The data doesn't have to be accurate



  • In our application, there are two tables. For simplicity, I'll call them Data and Description. For each row in Data, there can be one or more rows in Description. The data and descriptions can change over time, both programmatically, and user-entered, so all rows are timestamped.

    I was just tasked with creating a new screen to enter descriptions. Basically, each update operation would need to:

    • verify that the manually entered PK of the data it would reference exists
    • verify that the data is "active"
    • update the description on the data
    • update the link on Data to reference the newly saved description
    • keep the old value of the data on the returned record
    • set a success/error-message status on the row to be returned

    Logically, this makes sense. However, they want to be able to enter thousands of rows (presumably via paste from Excel) at a time. This means several db queries/updates per record times thousands of records = a significant amount of time from start to finish.

    During this time, someone else may (via this or another mechanism) update the data. Wait a minute. What happens if the user submits an update for a large number of (Description) rows, including row x, someone else updates Data for row x, then my process finally gets around to doing the update for (Description) row x? If during my process, I do not query the current value of the Data for row x, I could be returning stale values of Data for row x that existed before the other user did the update.

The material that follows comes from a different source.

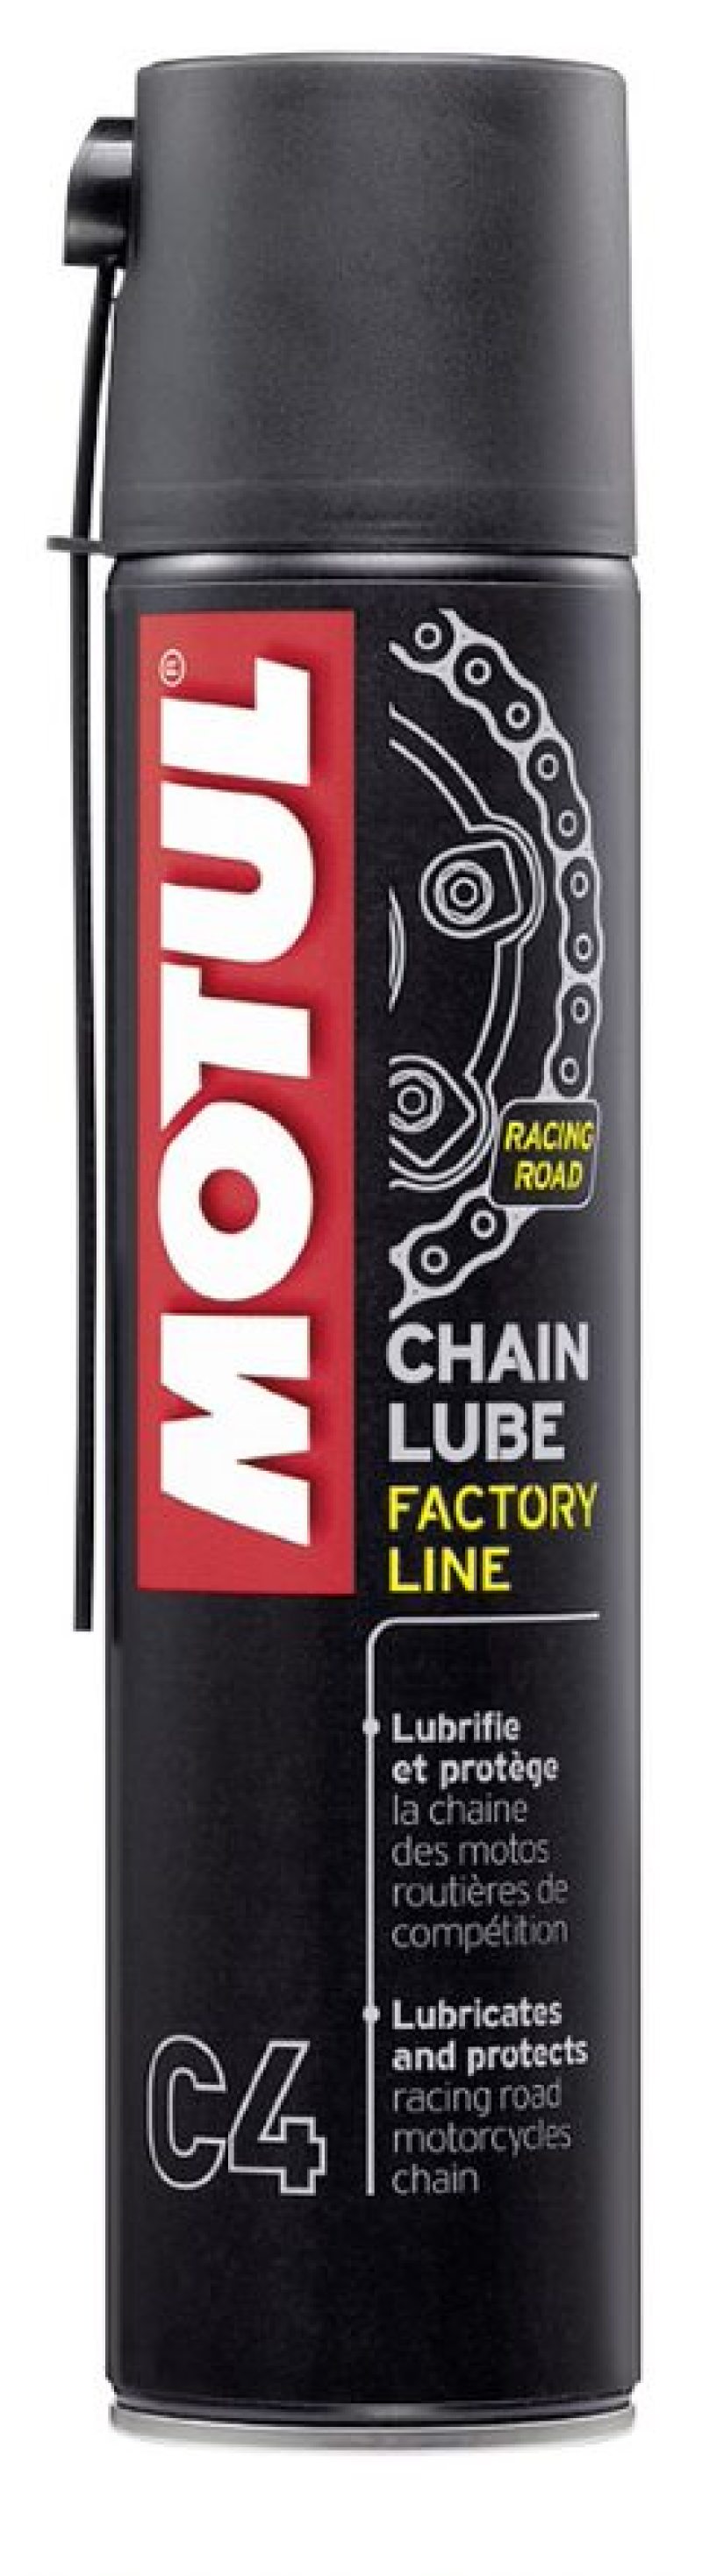 Motul .400L Cleaners C4 CHAIN LUBE FACTORY LINE - 103246

    My team lead ponders this for a moment and decides: it's ok; the data doesn't have to be accurate.



  • That's one solution, but a better solution would most likely be using a transaction and doing a "select ... for update"



  • @snoofle said:

    it's ok; the data doesn't have to be accurate.
     

    OK, so save time by querying random shit from Descriptions and inserting that.

    You know, TOP 100 * ORDER BY newid()



  • @dhromed said:

    @snoofle said:

    it's ok; the data doesn't have to be accurate.
     

    OK, so save time by querying random shit from Descriptions and inserting that.

    You know, TOP 100 * ORDER BY newid()

     




  •  He's basically telling you: "Stupid business req's. I don't care about them... Where's my coffee?"



  • "Use the CRS database to size the market"

    "That data is wrong"

    "Then use the SIBS database"

    "That data is also wrong"

    "Can you average them?"



  •  Averaging smooths out the errors.



  • I know this is the sidebar and solutions aren't the point, but the WTF's are, but anyway.

    As a cheap solution you could probably implement a locking mechanism on those updates. The query that gets his lock in first wins ;)
    Then if a user tries to update thedescription of a item you can return that it is currently being changed by someone else and if they want to retrieve the updated description or perhaps a diff of their changes versus the changes made by the other person.

     

    Also I hate people who disrespect data integrity with a passion. At some point in time it will always come back to bite you in the ass.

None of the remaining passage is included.